The brothers’ duel is shaping up to be epic until Robert finally heaves himself up off and yells at the Cleganes to “stop in the name of their King.” Sandor bows, and Gregor stomps off to smash things offscreen. I bet his squire is even more miserable than Lancel Lannister.
Loras has recovered from his near-death experience and lifts Sandor’s arm high, essentially declaring him the champion of the tourney. “I owe you my life, Ser,” he says to Sandor, who growls that he’s no knight.
***
Cut to a rustic pathway (and by rustic, I mean “rockslides are imminent”). Catelyn Stark orders that the hood over Tyrion’s head be removed. The troublemaking bard from the inn where Catelyn captured Tyrion is singing a Monty Pythonesque song about the Imp; if looks could kill, that dude would be so dead from Tyrion’s glare right now. (It’s OK though, because I think he’ll be dead from a bandit’s axe in a few minutes!
Catelyn is sort of sweetly proud of her skill at deception and how she made everyone think that they’re headed for Winterfell although they are obviously not going there. Tyrion remarks that word has probably gotten to his father and that there will be a handsome reward for Tyrion because “a Lannister always pays his debts.” The scruffy guy sharpening his sword is deeply interested in Tyrion’s words.
Tyrion asks Catelyn to untie him; there’s no way for him to run away, since he’d either be killed by hill tribes or wild animals. He’s figured out that Catelyn is bringing him to her sister in the Vale of Arryn. Tyrion warns Catelyn that her sister is a bit hinky and says “you might as well kill me here.” Catelyn proudly informs Tyrion that she’s not a murderer, to which Tyrion responds “Neither am I.”
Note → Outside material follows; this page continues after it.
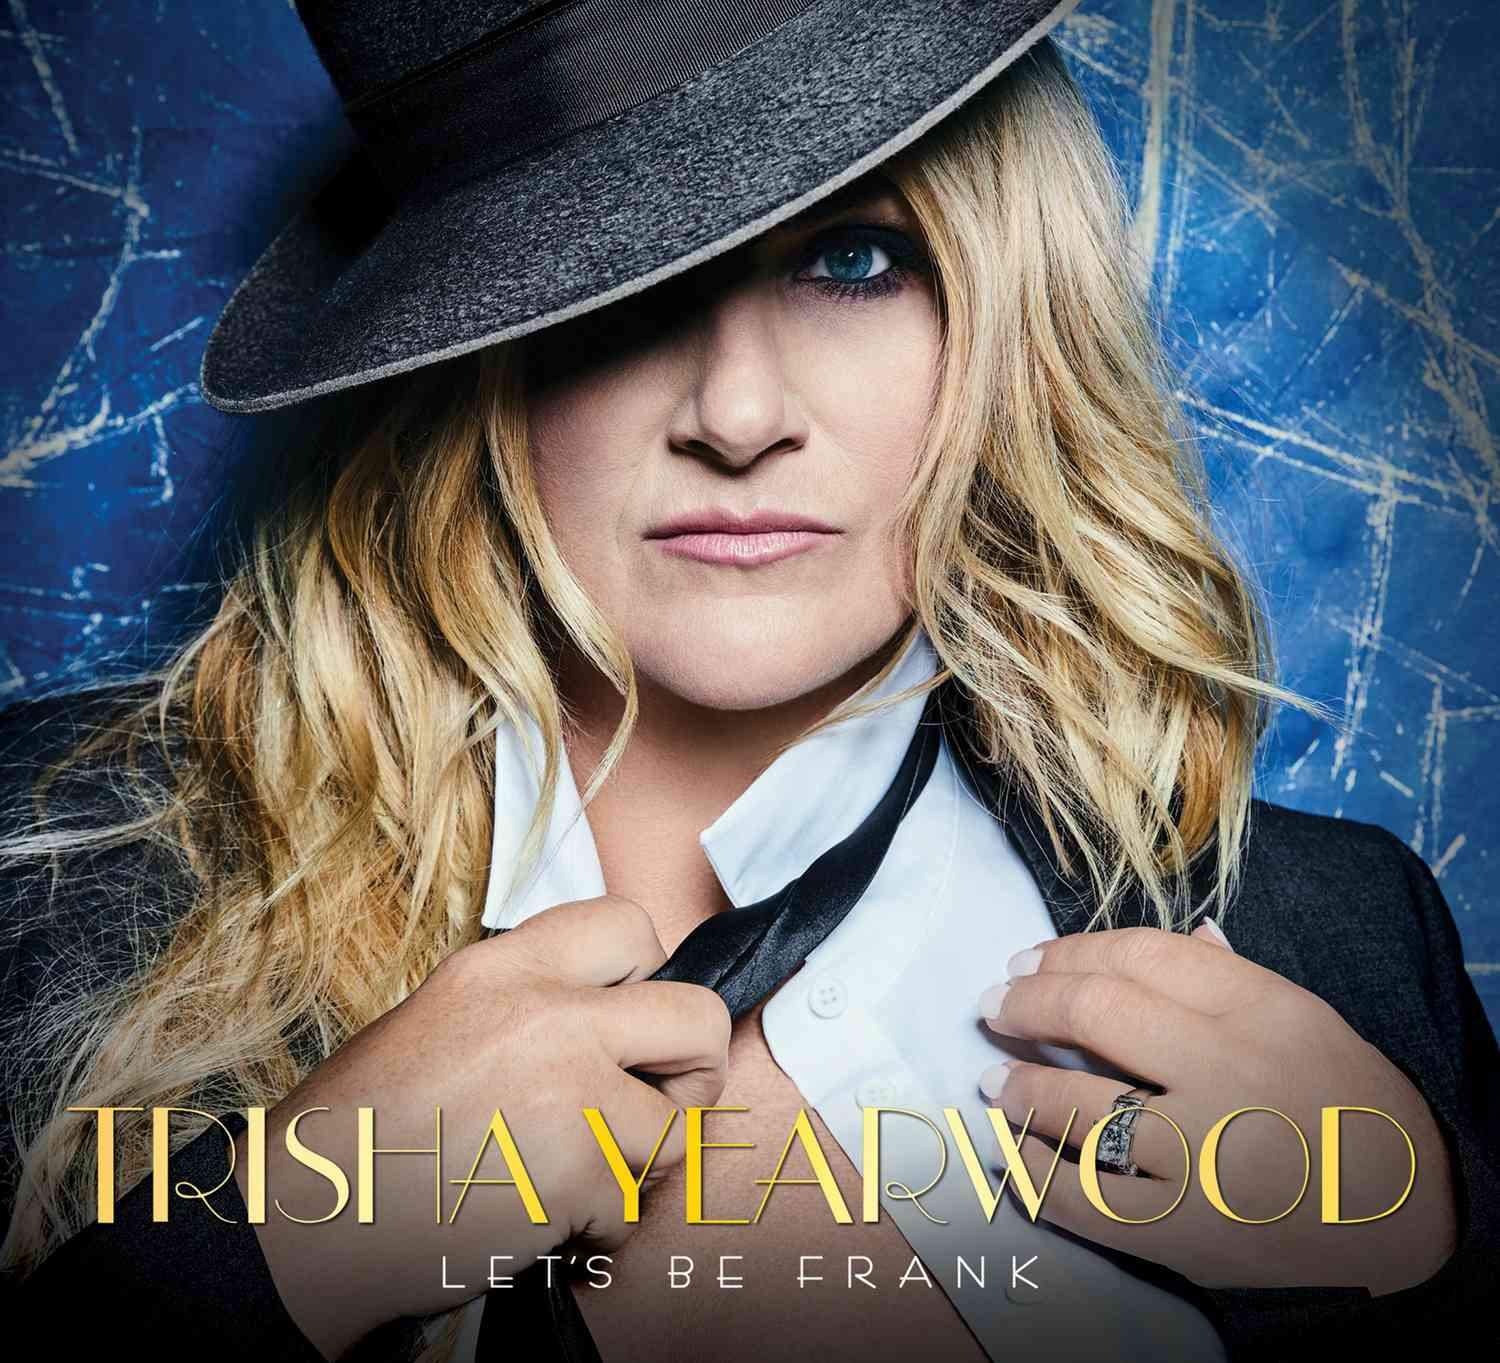 Trisha Yearwood Set to Release Frank Sinatra Cover Album Let's Be Frank

Catelyn recites the evidence against Tyrion, but even she’s starting to see that it’s a bit circumstantial and thin. Tyrion presses home his advantage, saying that he’s not “imbecile” enough to send an assassin with his own dagger. Ser Rodrick wants to gag Tyrion to which Tyrion asks, “Why? Am I starting to make sense?” Hee! I love Tyrion.
Before Tyrion can demolish people with logic any more, the hill tribes attack. There’s lots of shouting and clanging and hacking which result in the death of the annoying bard as well as several other members of Catelyn’s party and assorted mountain men. The sword-sharpener Bronn demonstrates his mad fighting skills and Catelyn pulls out her tiny dagger. She might not be a great long-range thinker, but no one can fault her courage.
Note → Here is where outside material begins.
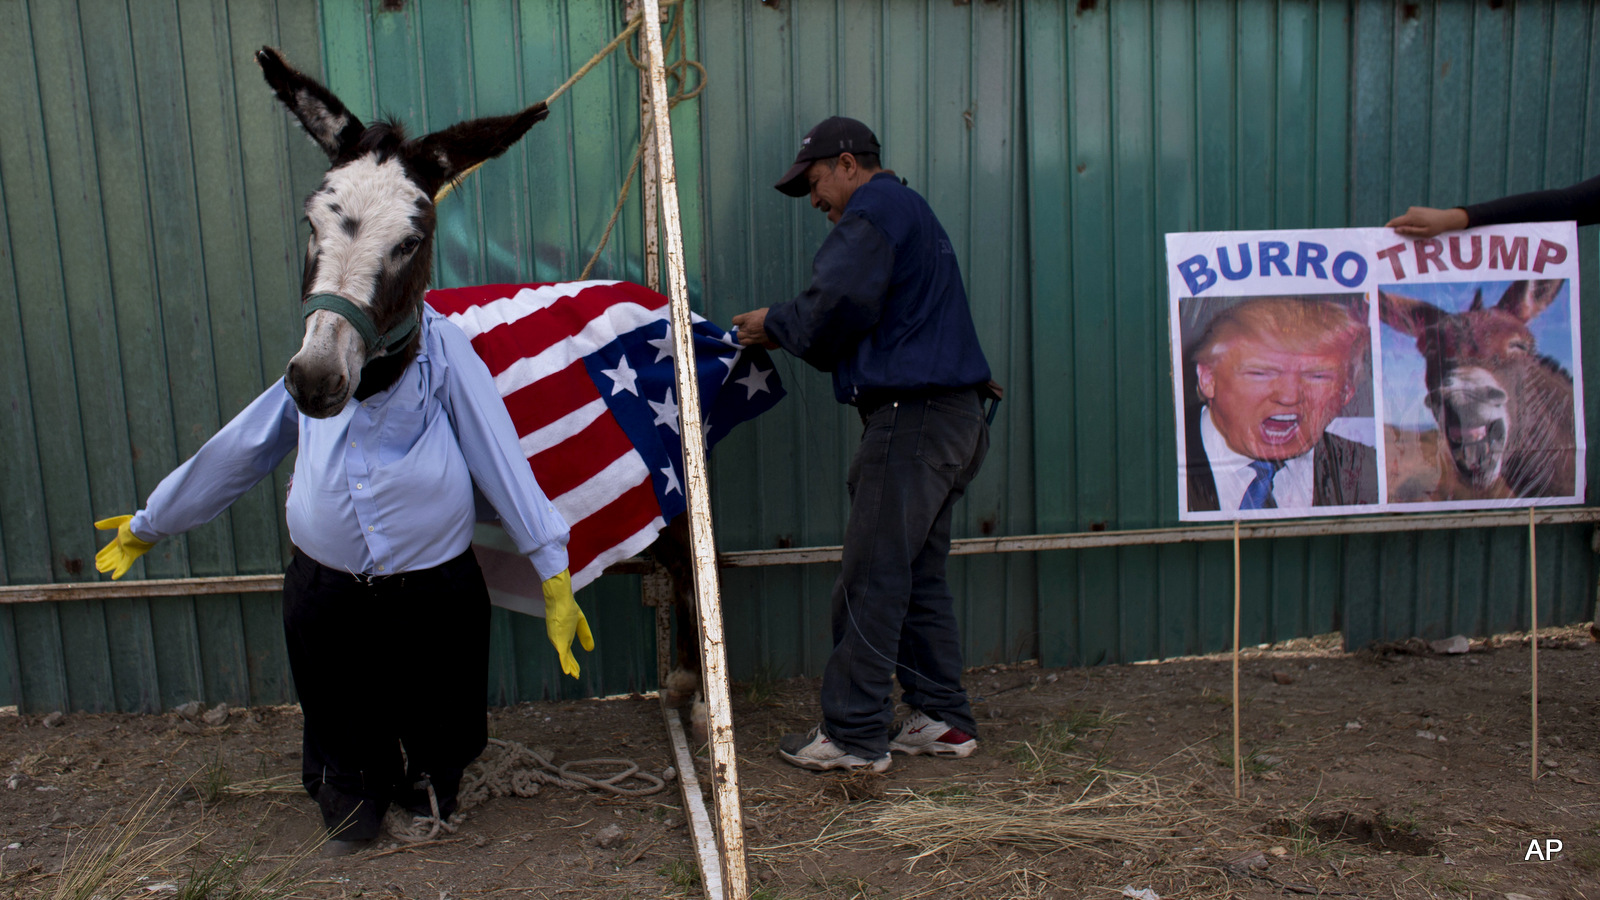 A man dresses a donkey to resemble Donald Trump in preparation for the costume competition at the annual donkey festival in Otumba, Mexico state, Mexico

In the midst of all the confusion, Tyrion convinces Catelyn to untie him, because “if I die now, what’s the point?” Good thing she listens to him, because he manages to grab a shield just in time to avoid being conked on the head by a big rock. He then demonstrates his good heart by saving Catelyn from the attentions of one of the mountain men, taking him down with a well-placed blow to the back of the knees, before battering him to death with the shield. Tyrion takes out all his frustrations on the unfortunate mountain man and continues to pound on him long after he’s dead. (This scene reminded me of Octavian in the first episode of HBO's Rome: two super-bright guys who are not normally martial killing someone for the first time.)
The fight is over as quickly and confusingly as it began. Bronn asks Tyrion, who’s still standing over the body of the man he killed, if this was his first kill because if so, “You need a woman." Sadly for Tyrion, there are no whores available at the moment. He glances over at Catelyn and says “I’m willing if she is.” Tyrion, remember Catelyn’s little knife please!! You don’t want to end up like Varys, do you?
***
At Winterfell, Bran is having a boring lesson with Maester Luwin while Theon shoots at a target and says obnoxious things. I think we’re getting the point now; Theon Greyjoy is annoying!
Bran gets bored with his lessons, and gripes about how his mother’s house words are “family, duty, honor” but his mother chose honor over her family, because she went off and left him. Maester Luwin tells Bran that his mother had to leave him, and that she’ll love him until the day she dies (sniff!) Poor Bran isn’t convinced by all of this, but he perks a little bit when Maester Luwin tells him that if the saddle that Tyrion designed works, Bran can probably shoot arrows from horseback, like the Dothraki horsemen.
***
Speaking of Dothraki ... well, at least their methods of sexual congress ... Cut to yet another doggie style sex scene between Theon and Ros, the red-headed whore from Winterfell’s brothel. For some reason, Ros and Theon are discussing Tyrion Lannister, while Theon demonstrates his penis and social-climbing skills. I’m not really sure what the purpose of this scene was other than to showcase Ros’s breasts (which are lovely) and Theon’s obnoxiousness, which is considerable (unlike his penis.)
***

Back to King’s Landing where Arya is chasing cats (per Syrio’s directive) while Varys smarms his way around Ned’s office, closing windows and doors and being super-secretive. Varys inquires about Bran’s welfare, telling Ned that he too was mutilated long ago. “Some doors close forever, others open in most unexpected places,” Varys tells Ned. I think he’s trying to be encouraging about Bran’s future, but Ned doesn’t seem too convinced about this.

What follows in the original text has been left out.